Patients were selected for inclusion in this study through a cross-reference of Philips Lifeline and Partners Healthcare at Home (PLL/PHH) patients. 4290 PERS users at PHH were identified from the Philips’ database and were cross-matched to the Partners Healthcare data warehouse. Identified patients were matched by first and last names and date of birth and/or address. We extracted 5 years of healthcare utilization data (2011–2015) for all identified patients. After matching and data extraction, patients were assigned de-identified study IDs and the data was stripped of all personal identifiers before analyses. We excluded unmatched patients or matched patients without utilization record in the data warehouse.

Outcomes

The primary outcome was to characterize the healthcare utilization of PERS patients. This outcome was assessed by 30-, 90-, and 180-day readmission rates using clinical encounter data in the EDW. Index admissions are used as a reference point for subsequent admissions. The number of days from an index admission to the next admission is used to determine the type of readmission, 30-, 90-, or 180-day.

Additionally, we assessed the frequency of principal admitting diagnoses. This was determined by analyzing the principal diagnosis International Classification of Diseases (ICD)-9 code associated with each inpatient admission, then categorizing the codes according to the condition groups designated by the Health Cost and Utilization Project (HCUP) Clinical Classifications Software (CCS), which characterizes diagnoses into clinically meaningful groups making it easier to see diagnosis data patterns [20].

We also evaluated the prevalence of medical conditions leading to potentially avoidable admissions. This was determined by analyzing the principal diagnosis ICD9 code associated with each inpatient admission and categorizing the codes according to 3 groups: those potentially avoidable in both institutional and non-institutional settings, those potentially avoidable only in institutional settings [6, 21], and those which are not determined to be potentially avoidable.

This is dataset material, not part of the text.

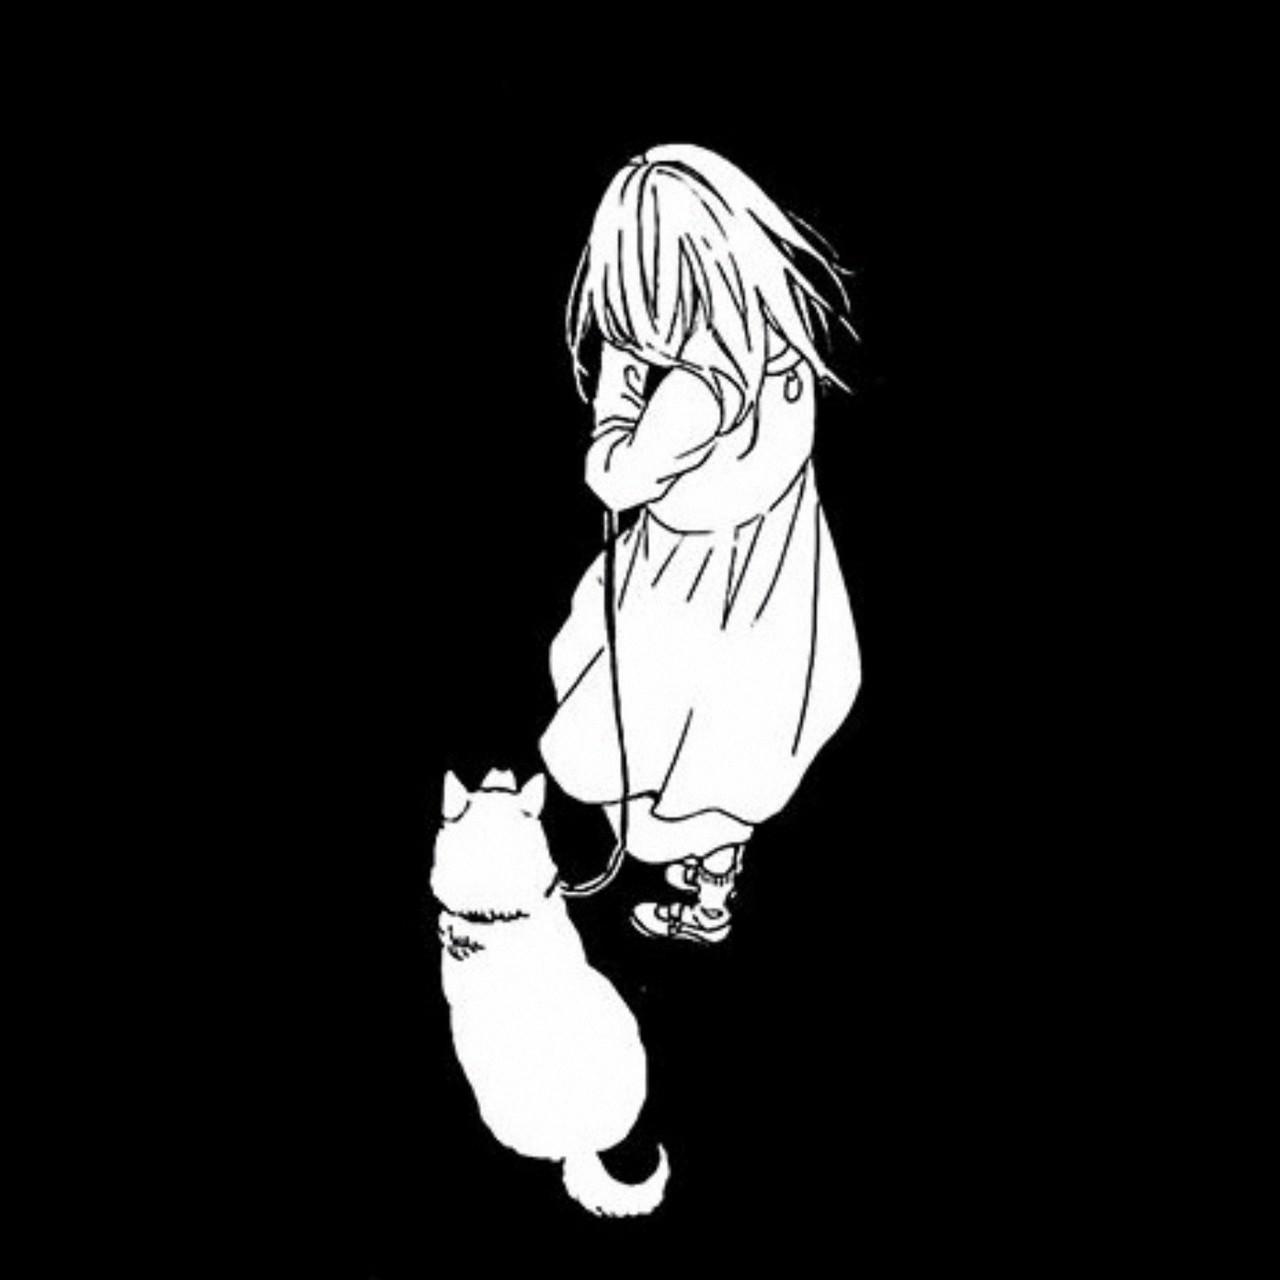 Hình Anime trắng đen đáng yêu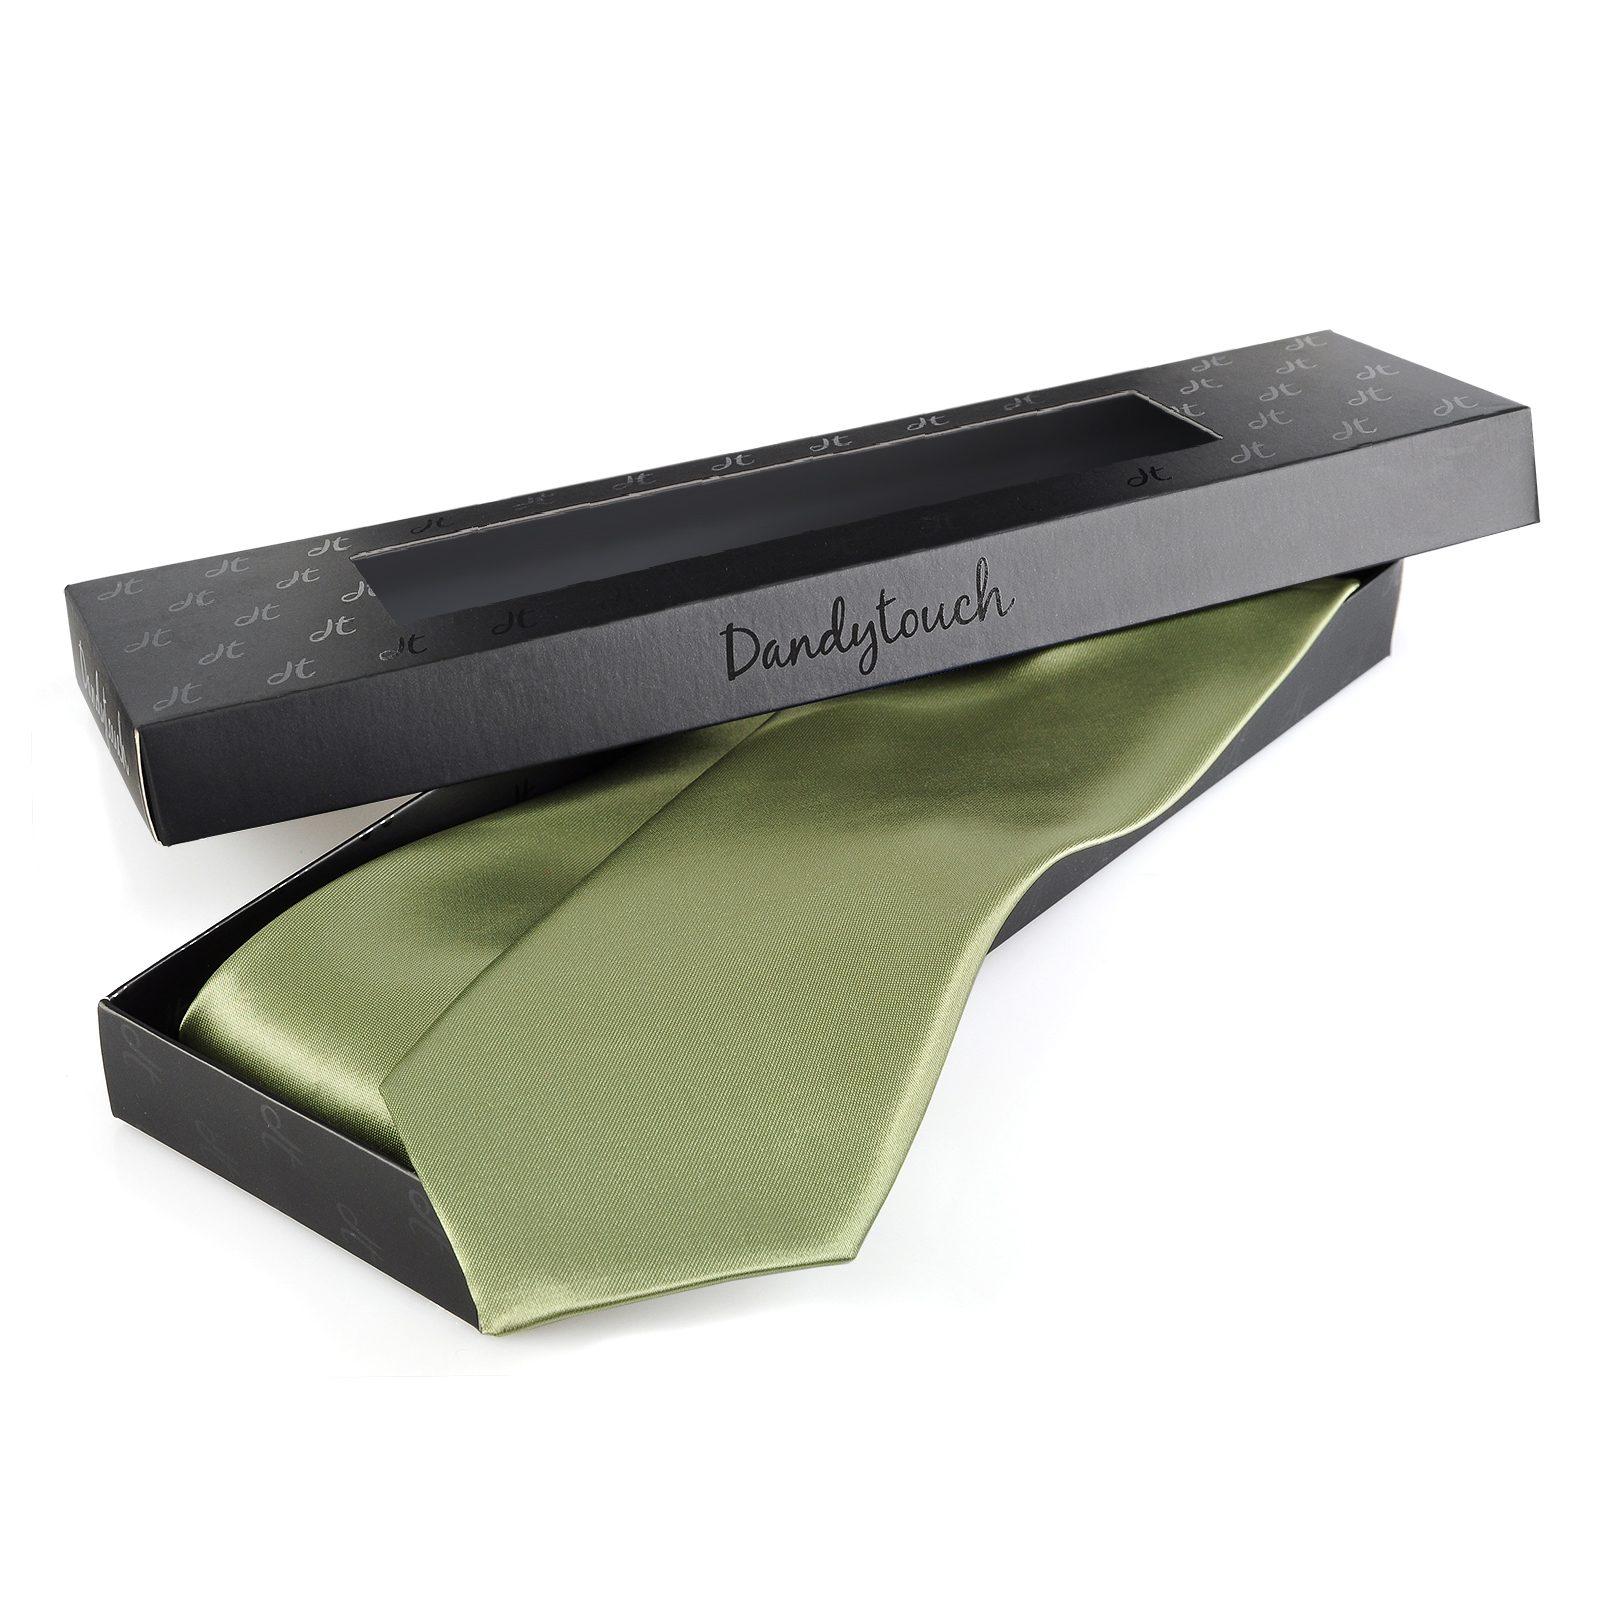 http://lookbook.allee-du-foulard.fr/wp-content/uploads/2018/11/CV-00243-F16-cravate-vert-tilleul-polysatin-1600x1600.jpg

Finally, PERS utilization data was summarized. Each personal help button press was registered in the PERS database as a unique “case”. Case data included date of the press, the case type, the situation involved, and the outcome of the press.

Statistical plan

Demographic and healthcare utilization data for the fiscal years 2011–2015 were extracted from the EDW using Structured Query Language (SQL) and Microsoft SQL Server Management Studio (SSMS) 2014. Data management and de-identification were achieved through SSMS and Microsoft Excel 2007. Descriptive analyses were completed with Excel, Tableau Software 9.2. R was used for linear regression analyses using RStudio version 3.2.2. Pearson chi-squared tests were used for categorical variables and t-tests for continuous variables using STATA version 14.1.

Results

Population identification

“Figure 1. Sample Selection Process” details the sample selection process. 78% (3335/4290) of patients on the list of PLL enrollees were identified from the EDW; and 79% (2643/3335) of those identified met the criteria for inclusion in the study.
Fig. 1

Sample Selection Process. Legend: outlines the sample selection process. 78% (3335/4290) of patients on the list of PLL enrollees were identified from the EDW; and 79% (2643/3335) of those identified met the criteria for inclusion in the study

Demographics

The study population was, on average, significantly older than the national CMS population (79 years old vs. 71 years old). Majority (75%) of the study population was female in comparison to the younger CMS population, where 55% of all beneficiaries were female. Similar to national CMS population estimates, a majority (93%) of the study population identified as white (Table 1). It should be noted that there was a large proportion of unknown values for education and marital status, therefore it is difficult to make conclusive comparisons between the two populations based on these data. The percentages presented in Table 1 exclude the unknown values.
Table 1

Subject Demographic Characteristics

Variable

PLL/PHH

2014 CMS (A + B) national

p-value

 

% (N = 2,643)

% (N = 51,470,589)

 

Age

 Mean, (SD)

79 (11)

71.1

<0.001

Age Cat.

  

<0.001

  < 65

11 (303)

16 (8,352,750)

 

 65+

89 (2340)

84 (43,117,839)

 

Gender

  

<0.001

 Female

75 (1,990)

55 (28,197,507)

 

Race

 White

93 (2312)

80 (41,269,942)

0.41

 Hispanic

0 (9)

6 (2,975,486)

<0.001

 Black/AA

5 (128)

10 (4,877,000)

<0.001

 Other

1 (26)

5 (2,348,162)

<0.001

Unknown

n = 168

NA

NA

Education

  ≥ College

36 (551)

27 (13,979,412)

<0.001

 Some college

7 (102)

25 (12,821,324)

<0.001

 High-school

43 (657)

28 (14,561,030)

<0.001

  < High-school

13 (201)

20 (10,103,677)

<0.001

Unknown

n = 1132

NA

NA

Marital Status

 Married

29 (695)

52 (26,672,059)

<0.001

 Divorced

13 (317)

17 (8,605,883)

<0.001

 Single

20 (475)

9 (4,658,088)

<0.001

 Widowed

37 (887)

22 (11,539,706)

<0.001

Unknown

n = 269

NA

NA

PERS utilization data

Of the 2643 patients included in the analyses, 97% (n = 2555) utilized PERS for a median of 3 years (interquartile range, 1–5). 28.4% of patients have button utilization data for all 5 years of the evaluation period, 22.3% between 3–4 years of button utilization data, and 49.4% have 1–2 years of button utilization data. Overall, there were 78,585 registered cases. Case types included regular maintenance tests of PERS (68.7%), other maintenance or servicing of the system (13.9%), accidental button presses (11.7%), and adverse ‘incidents’ (5.4%). Less than 1% (0.3%) of cases were of the type ‘other’ or unknown.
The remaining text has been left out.